▶ What is required
Could every line below be transcribed exactly, with the pictures dropped?

[Opening Supplied information section]

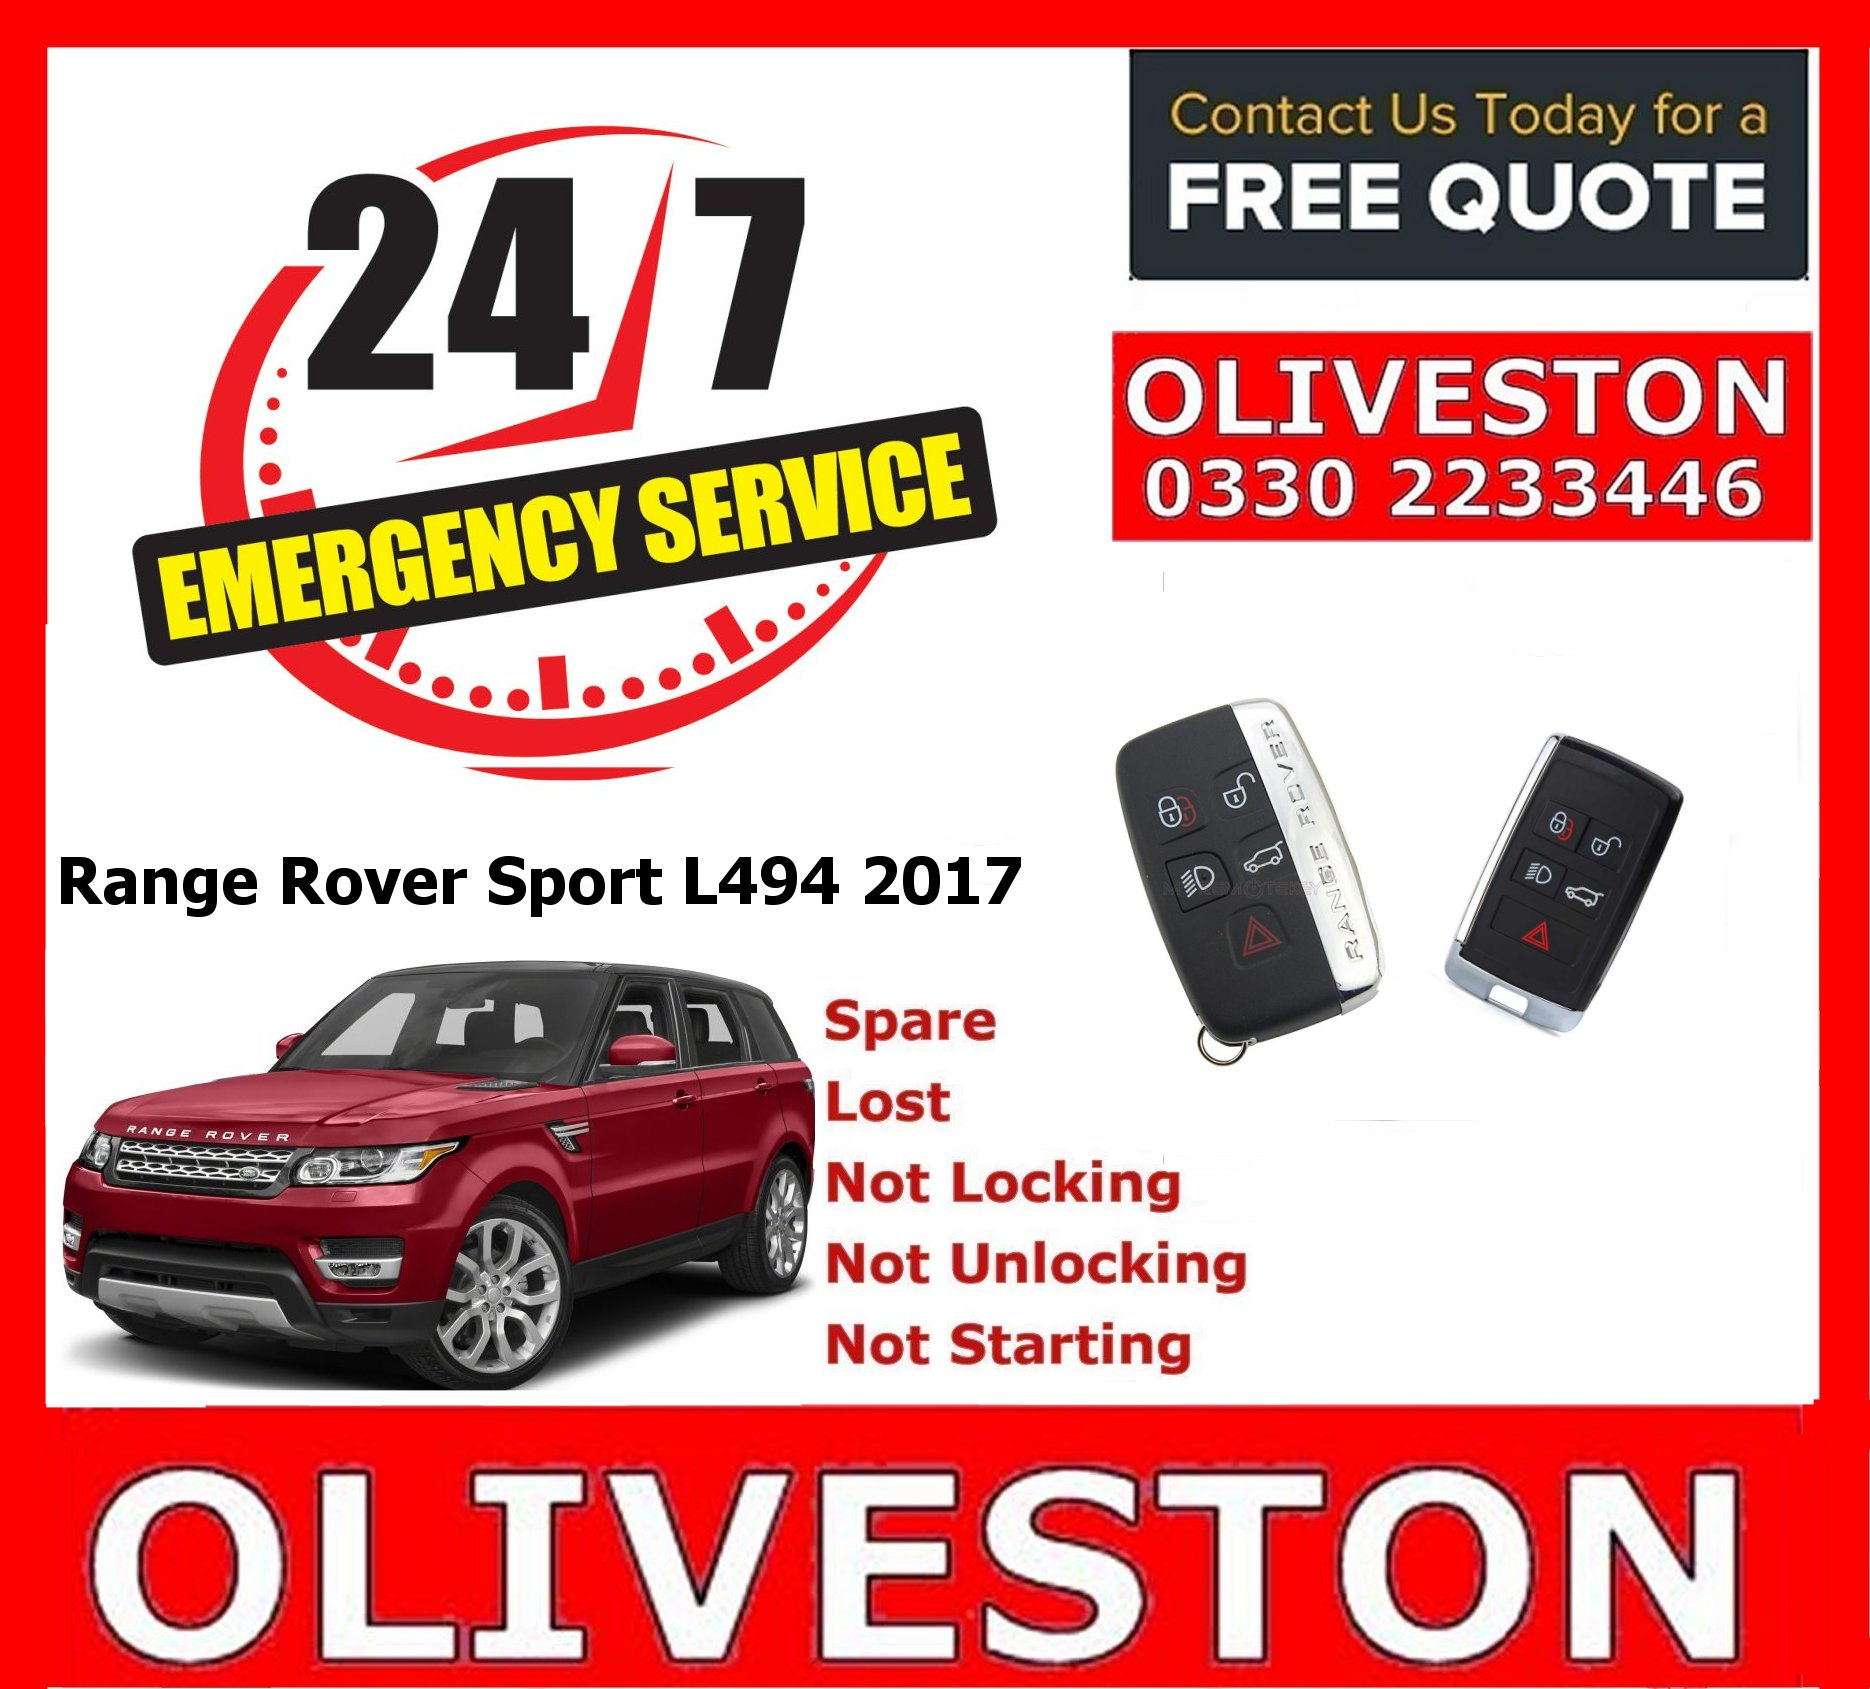 Range Rover Land Rover Jaguar Spare lost keys Arbroath Forfar Montrose Angus Scotland
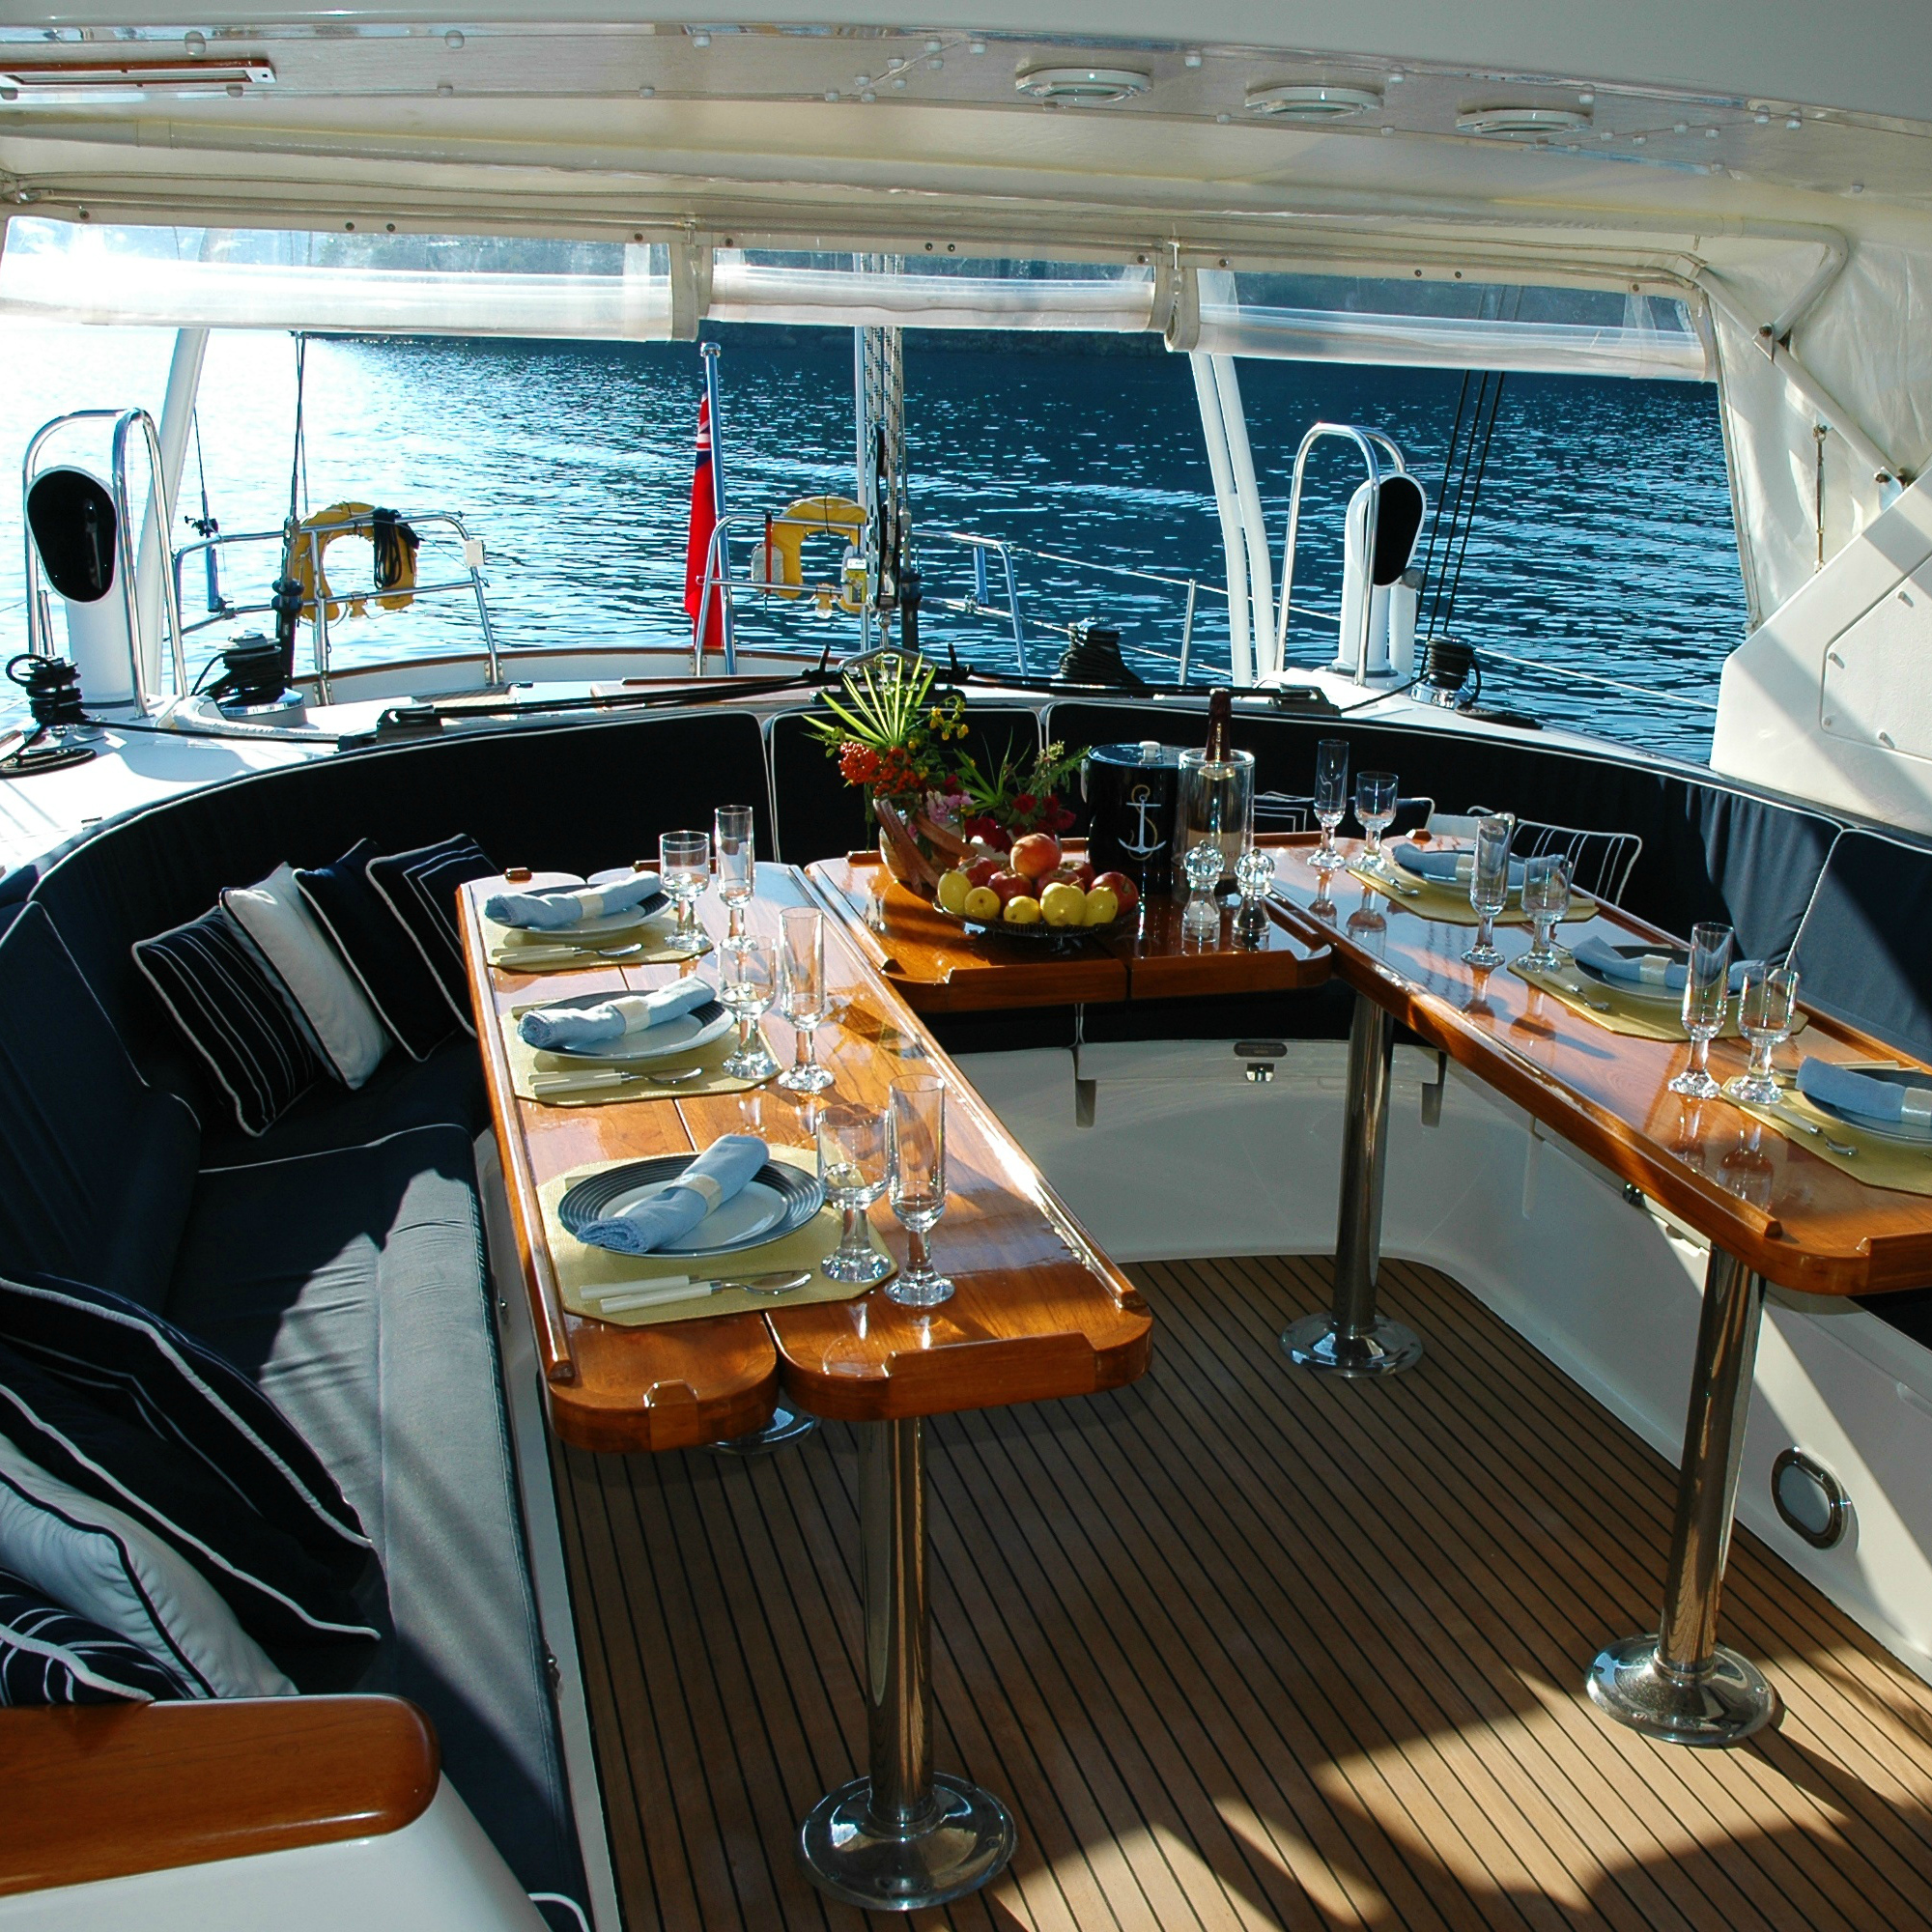 Golds_wine_spirits_yacht_provisioning.jpg
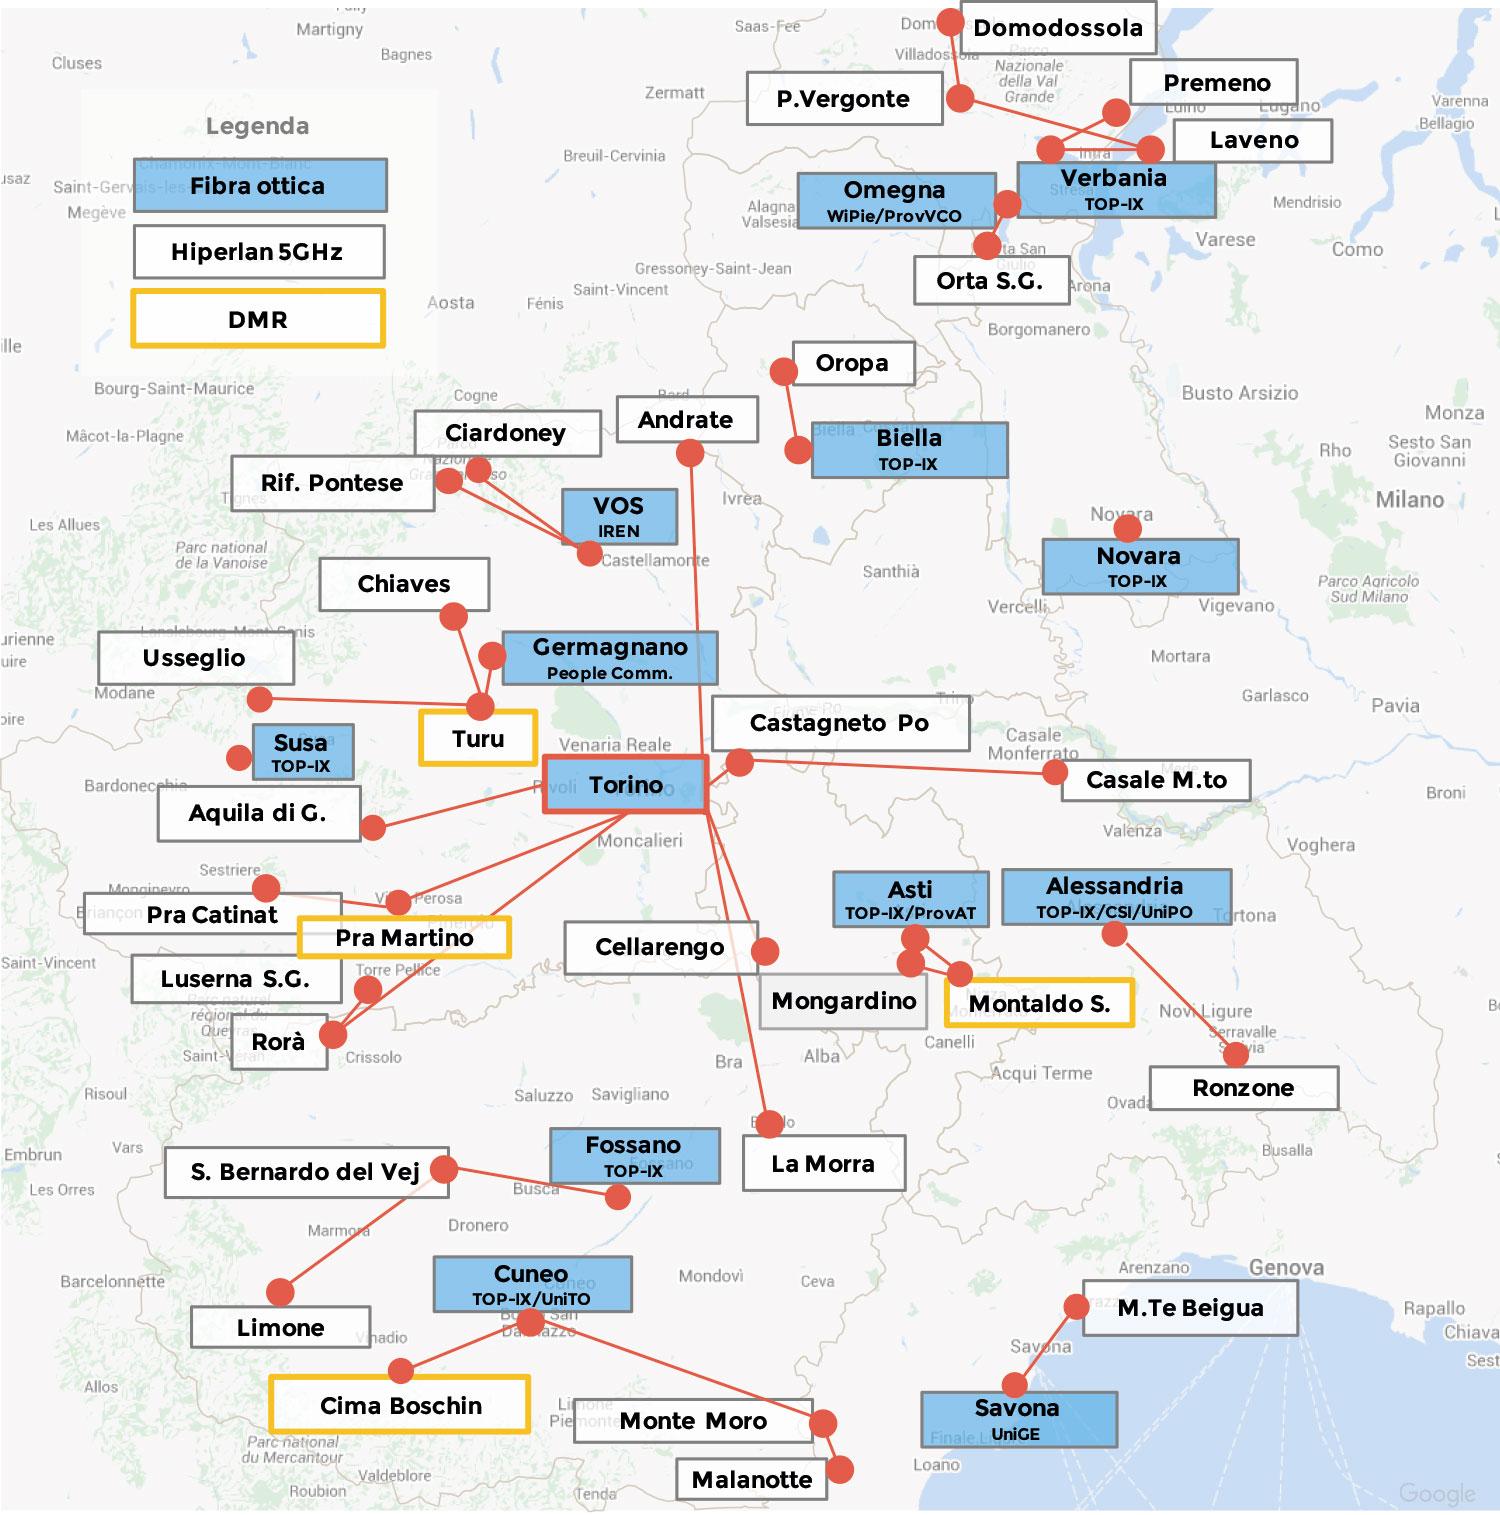 map_hpwnet

[Closing Supplied information section]

▶ Output for this exercise
 Range Rover Land Rover Jaguar Spare lost keys Arbroath Forfar Montrose Angus Scotland
 Golds_wine_spirits_yacht_provisioning.jpg
 map_hpwnet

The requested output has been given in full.